### Task requirements
Word for word, write the lines below out again, with no pictures.

### Data below
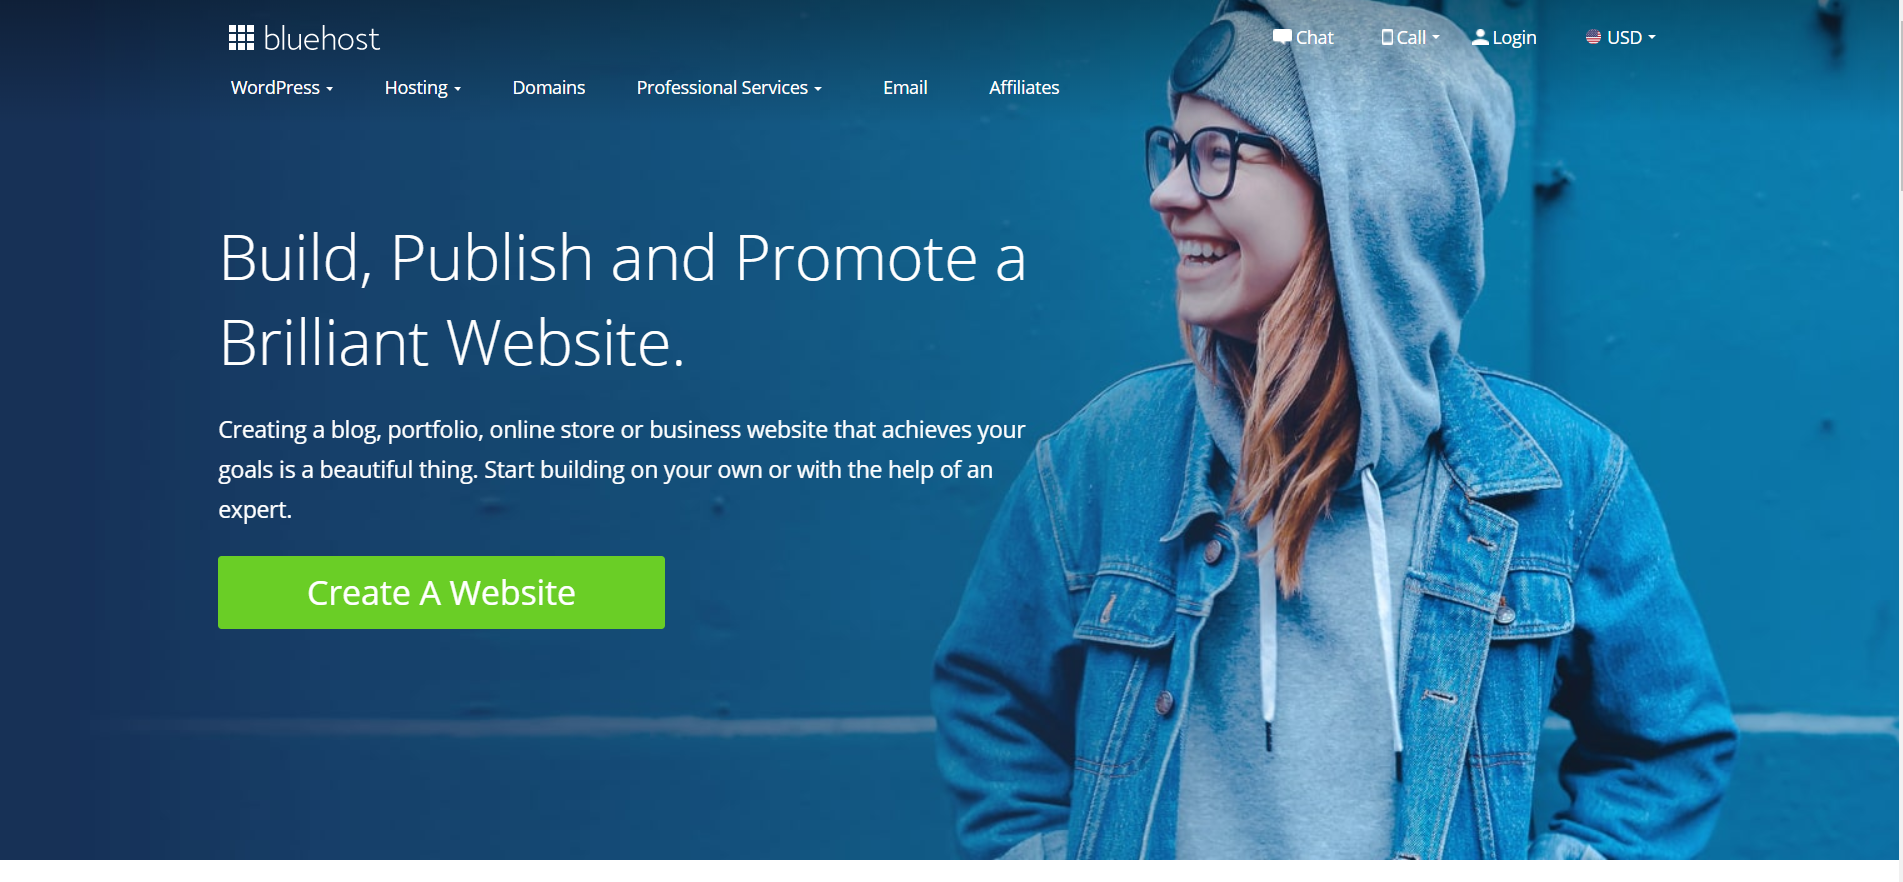 bluehost-homepage-myvu
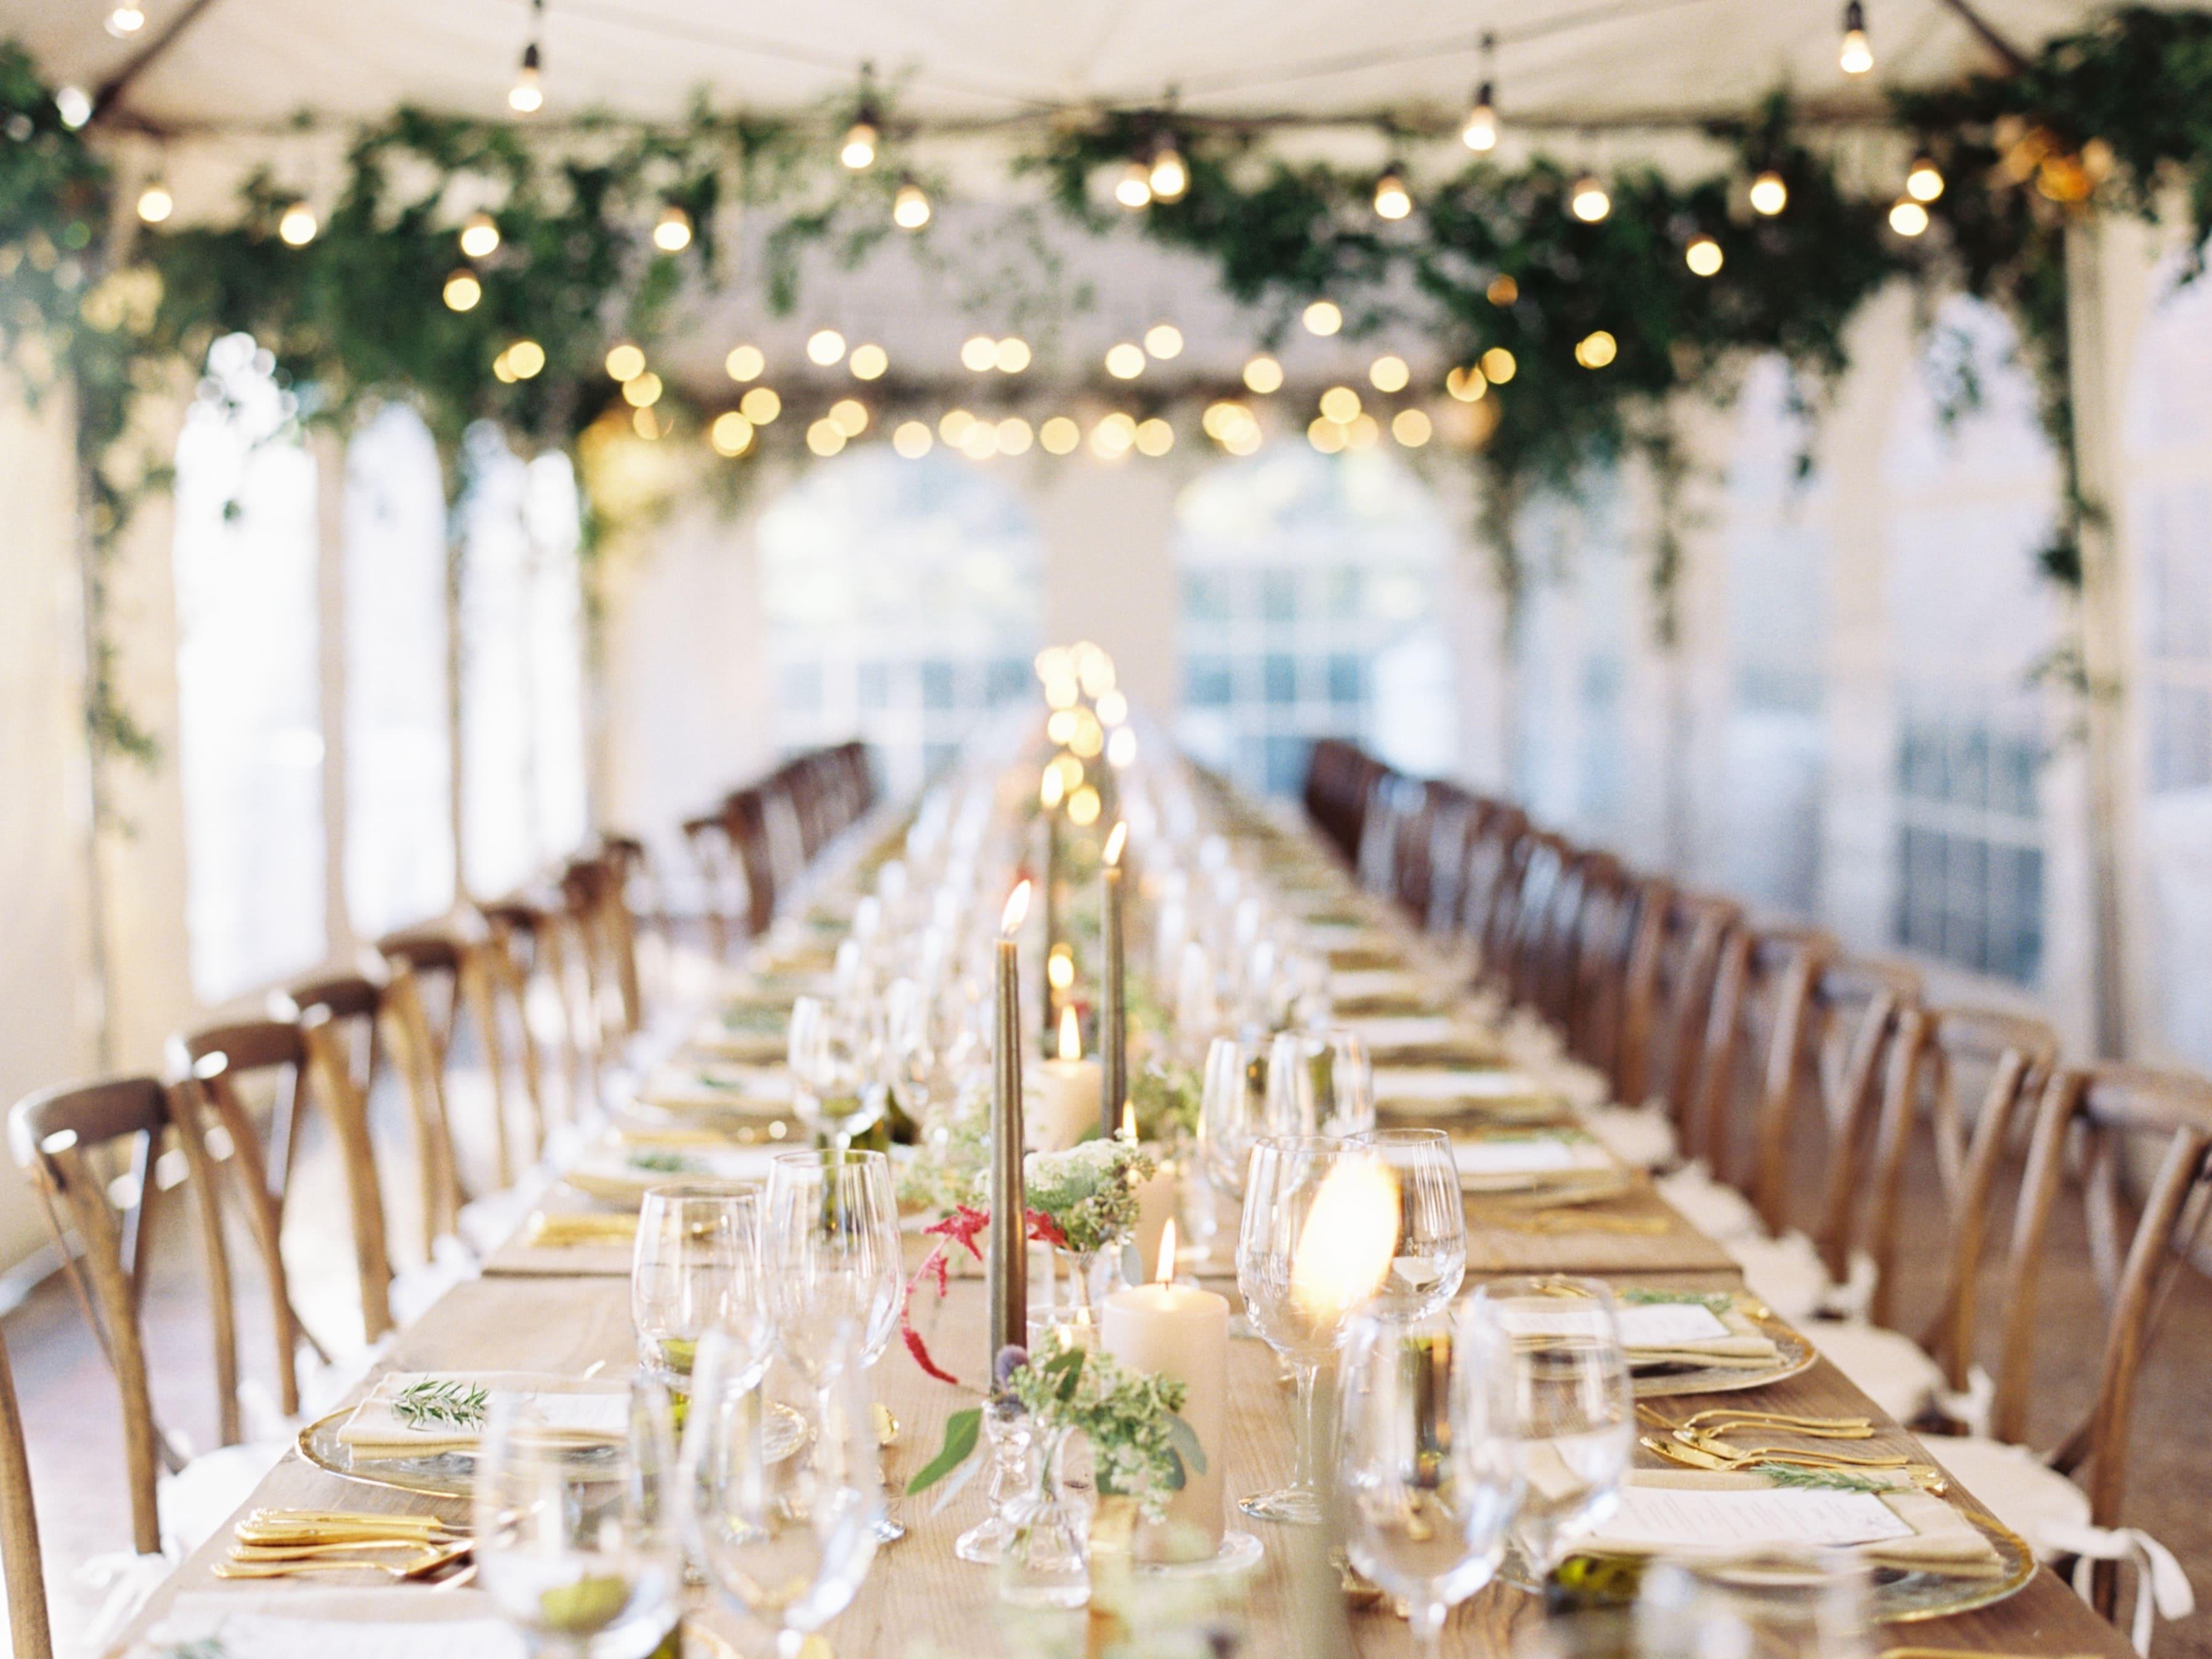 Casamento com Jantar Family Style
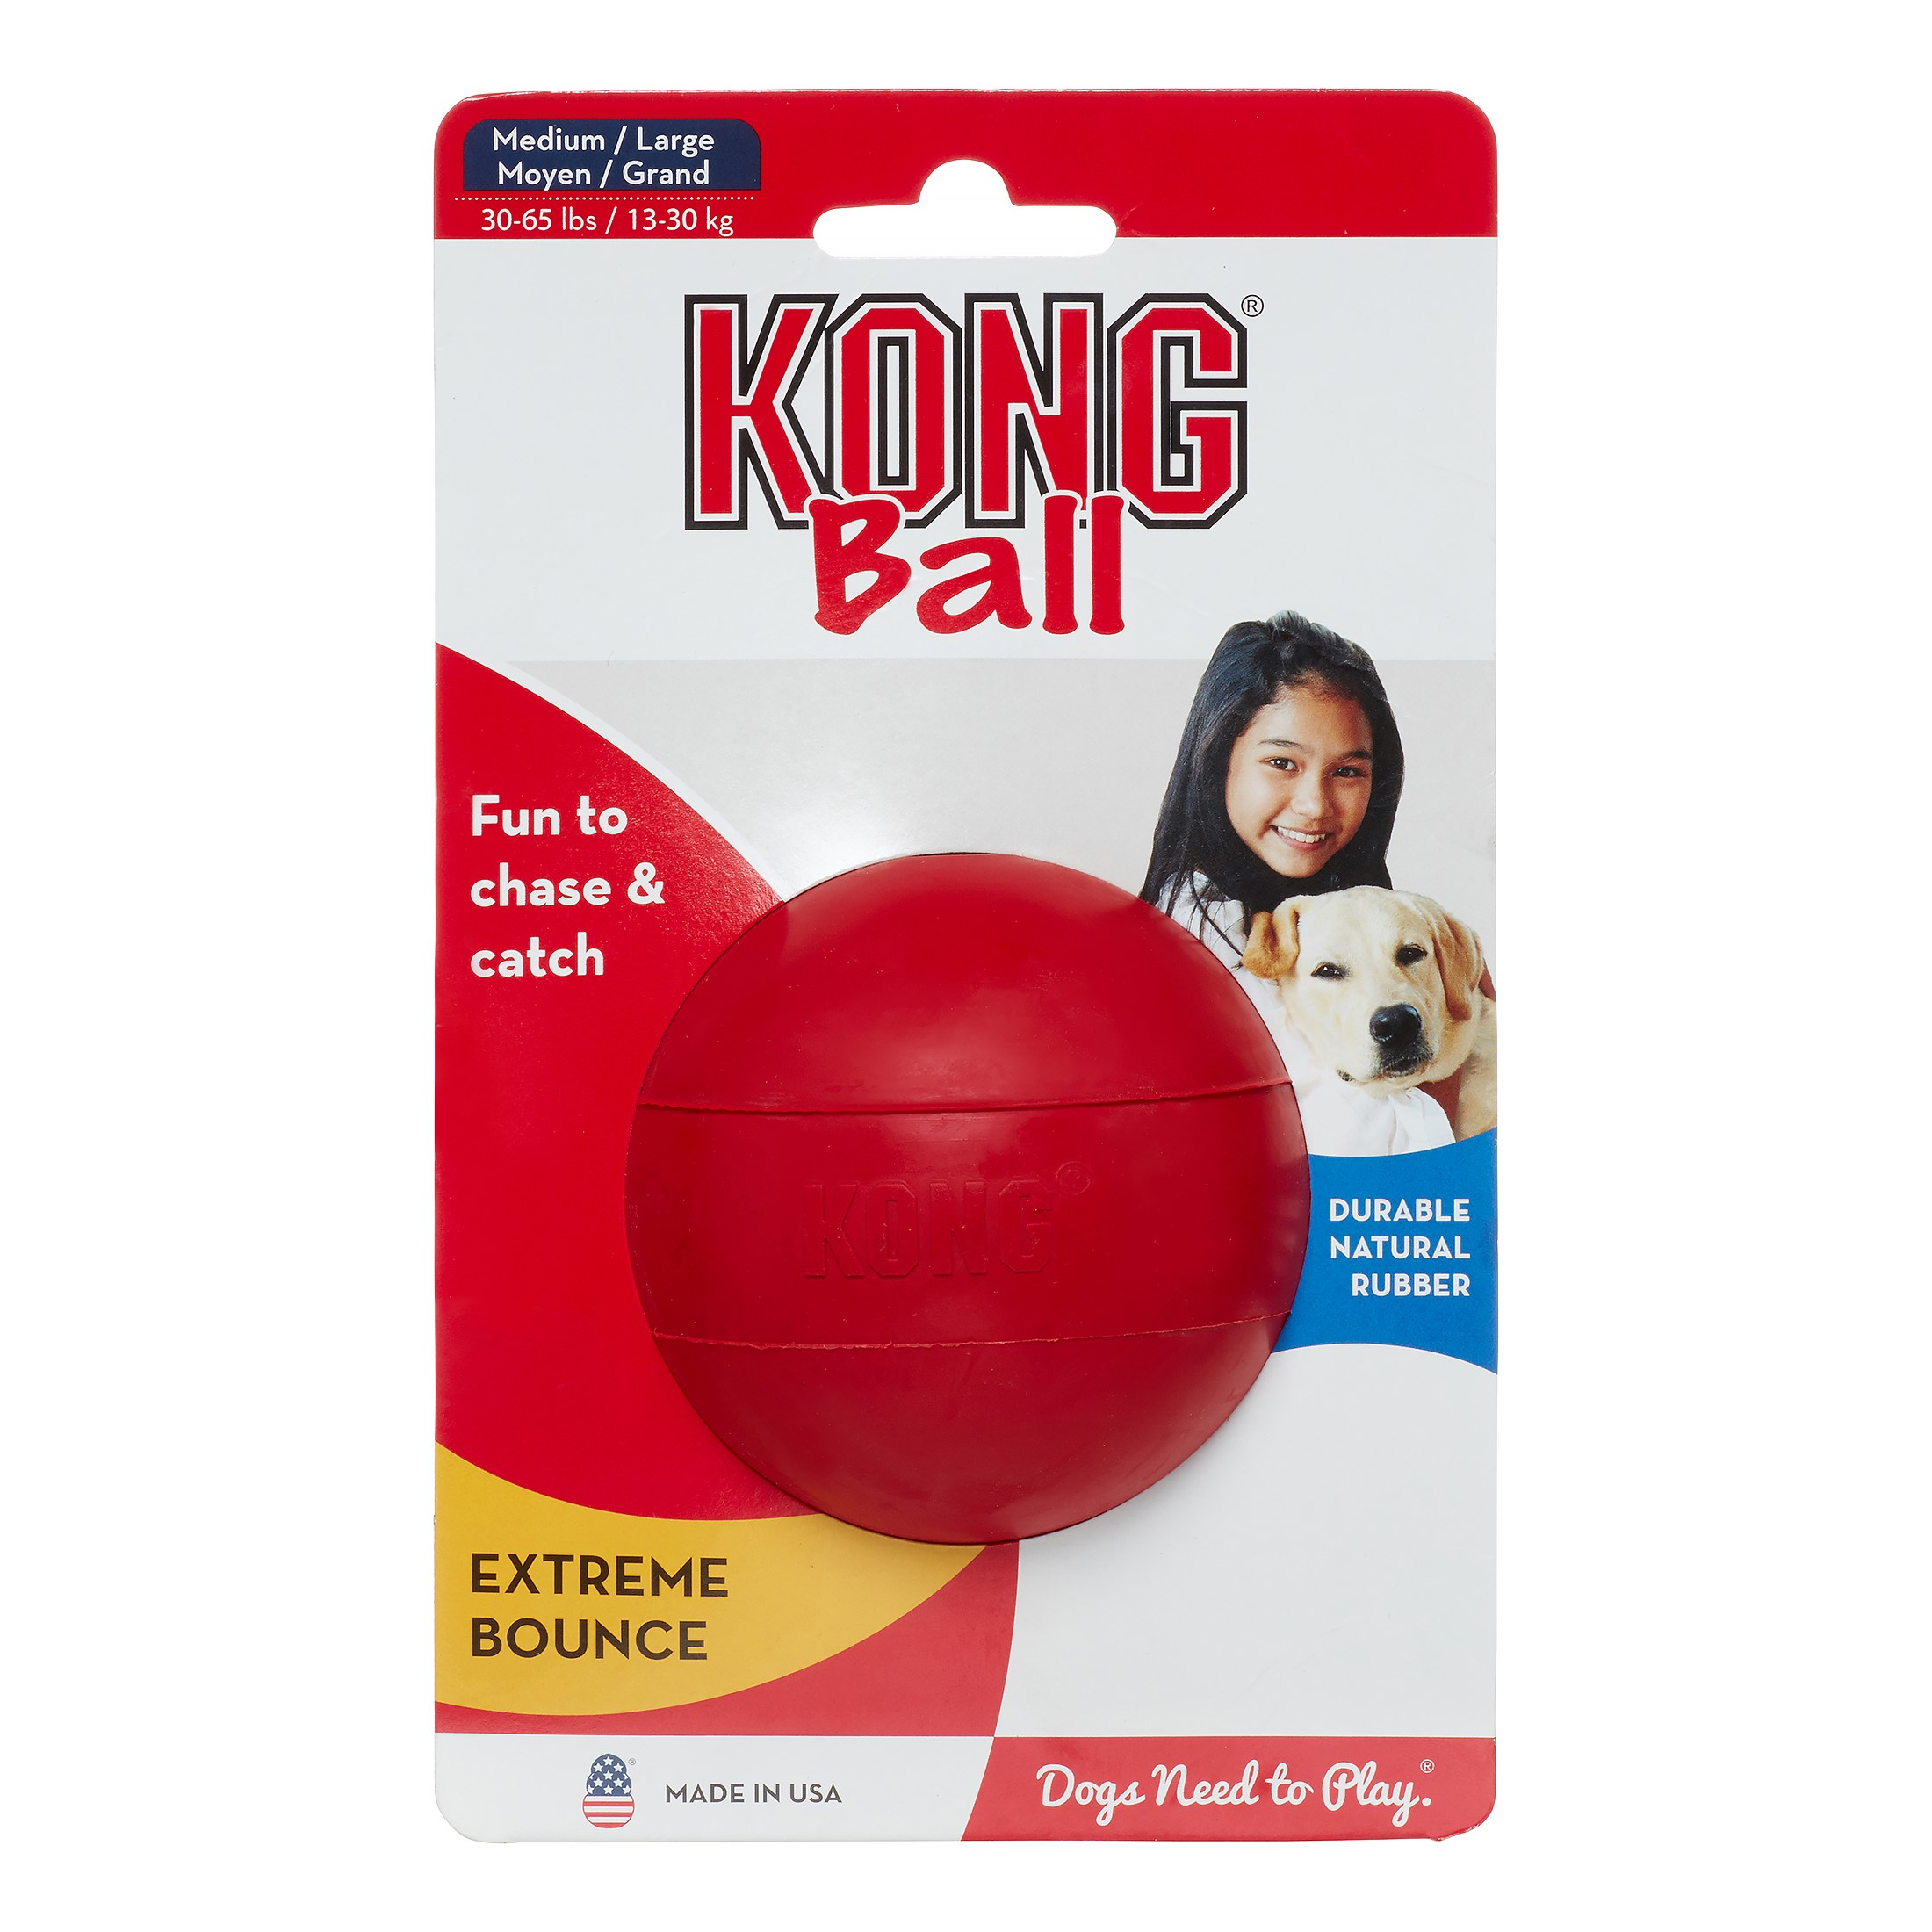 KONG Ball Dog Toy, Red, Medium/Large

### Output below
 bluehost-homepage-myvu
 Casamento com Jantar Family Style
 KONG Ball Dog Toy, Red, Medium/Large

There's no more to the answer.